What capacitor values?


I have custom-made 3 way sealed box speakers with 12" Hokutone paper woofers run full range (wired directly to the speaker terminals).
The 5 1/2" Scanspeak Woofer/Mid has 1 capacitor with no coils, inductors or resistors.
The 1" silk dome Scanspeak Revelator tweeter has 1 capacitor with no coils, inductors or resistors.
What value capacitors would you suggest for the Mids and the Tweeters?
The existing capacitor values may not necessarily be ideal?
halcro
If the sound has been excellent with the existing values, why would you change them? Keep in mind- When the new caps are installed, it will take a number of hours(perhaps 200+) for them to sound right.
The reason I may change them is that the Scanspeak Mid/Woofers and Tweeters were substituted a year ago for the original Hokutone drivers.
Whilst they sound OK, their characteristics (eg impedance and X-over frequencies are almost certainly different.
Does 200uF for the Mid/Woofers and 1.766uF for the Tweeters sound reasonable?

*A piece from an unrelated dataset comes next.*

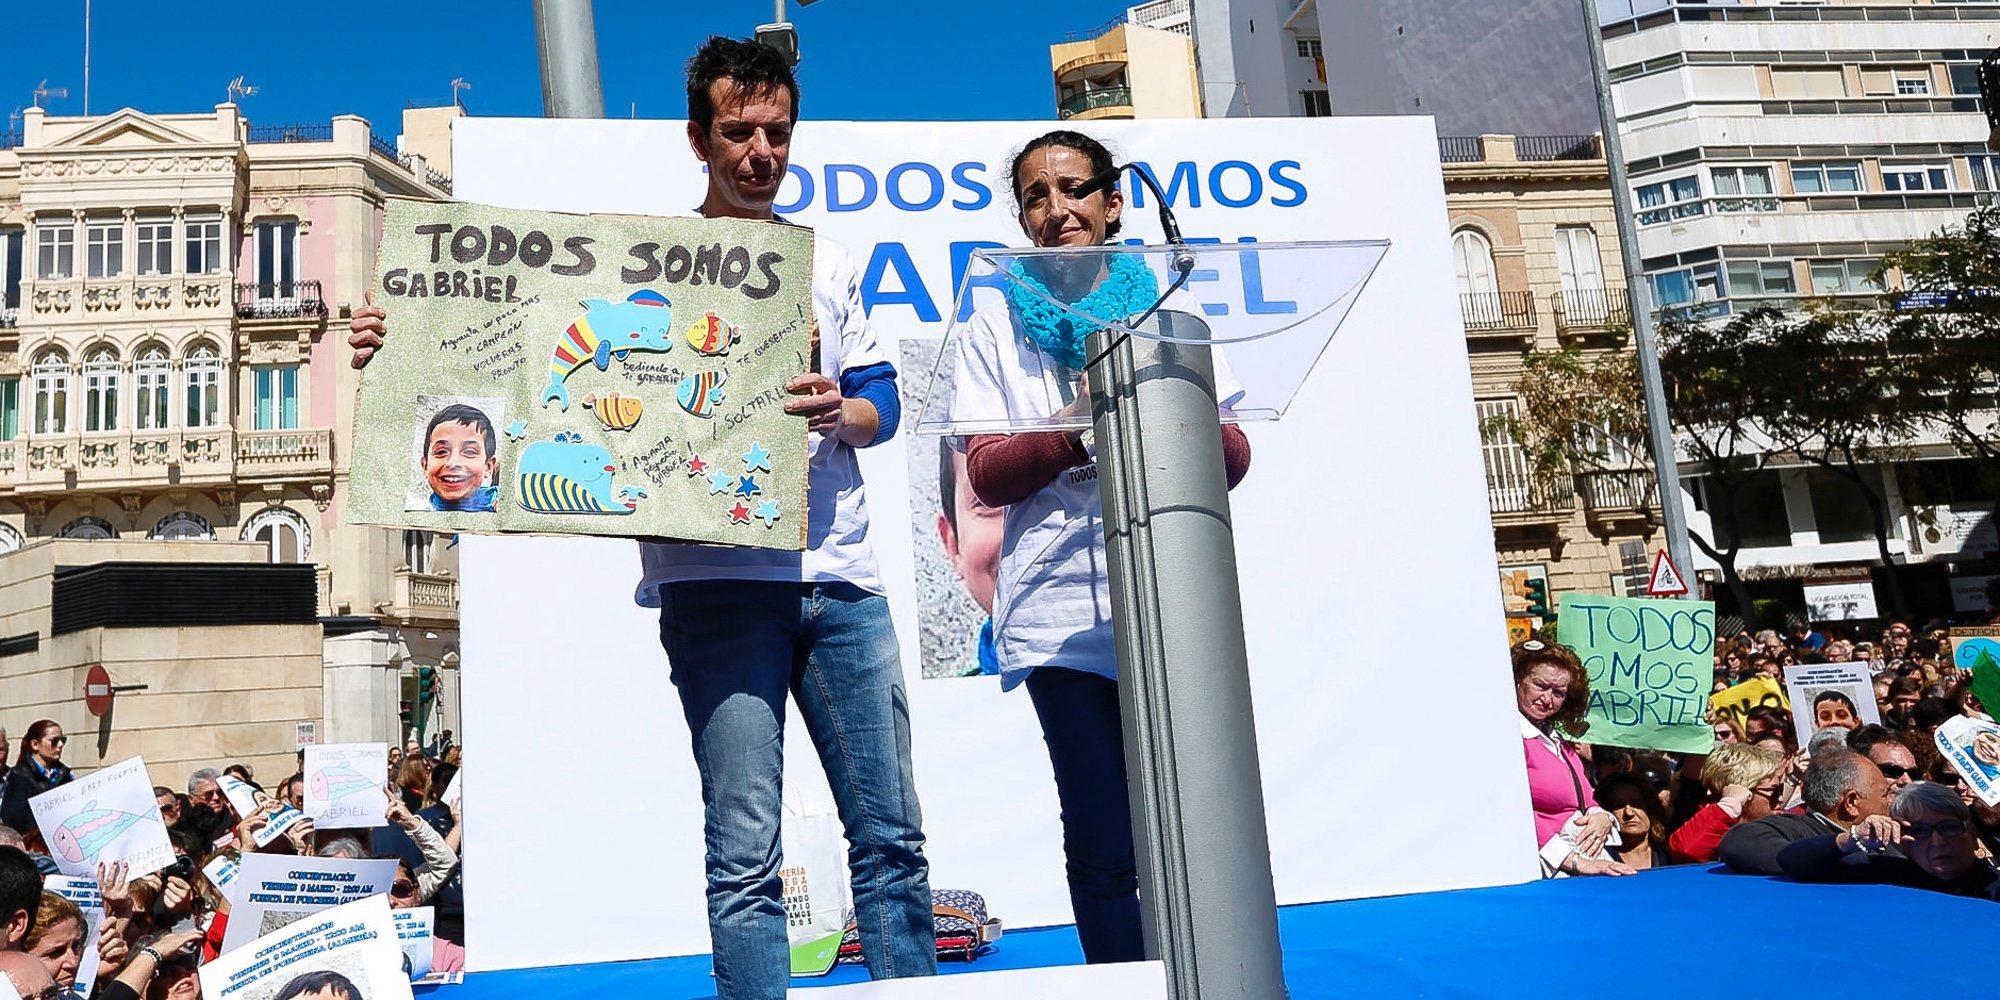 Paula Echevarría, Malú o Kiko Rivera: Las celebrities se unen ante la muerte del pequeño Gabriel

If those speakers are 8ohm: the 200uF cap will cross at 100Hz and the 1.76uF over 10kHz. If they are 4ohm drivers: 200uF= 200Hz, and 1.766uF=somewhere over the rainbow, I mean- over 20kHz. I seriously doubt the mid-range actually has the ability to reproduce that range of frequencies accurately. If it does, I'll buy a truckload of 'em from you! If the tweeter is a nominal 16ohm piece, it would come in at 5kHz, but the cap on the mid might as well not be there at 16ohms. Or are those the values you were thinking about substituting? Most people use 8ohm drivers when building their own systems. It would be good to know with what you're dealing. Do you have a multimeter? Here's the formula for capacitance per your impedance and cut-off desires(for a 6db/oct slope): C1(in uF)= 1,000,000/6.283 X speaker impedance X desired x-over freq.
Thanks Rodman,
The Tweeter is 6 ohm and the Mid/Woofer is 4 ohm.
The Tweeter at the moment has a 2.2 uF cap and the Mid I believe has a 10 uF cap.
Should I stick to these values?
Well- That would bring your tweeter in a little above 10kHz, and your mid- right about 4kHz. The mid isn't doing much midding that way. I'd say 80uF on the mid(500Hz) and about 5.5uF on the tweeter(about 5kHz). I suppose if you were to go with an iron core inductor on the woofer, you wouldn't have as much insertion loss(though it may become non-linear at high input levels). If I were doing it, I would use either Solo or Alpha-Core air core inductors(very low insertion loss and phase shift, very transparent). The value of the coil would depend on the impedance of course(8ohm=2.5mH, 4ohm=1.27mH for 500Hz). I suppose a .13mH to roll off the mid at 5kHz wouldn't hurt either. You may find yourself having to pad the tweet and/or mid to match their outputs with the woofer.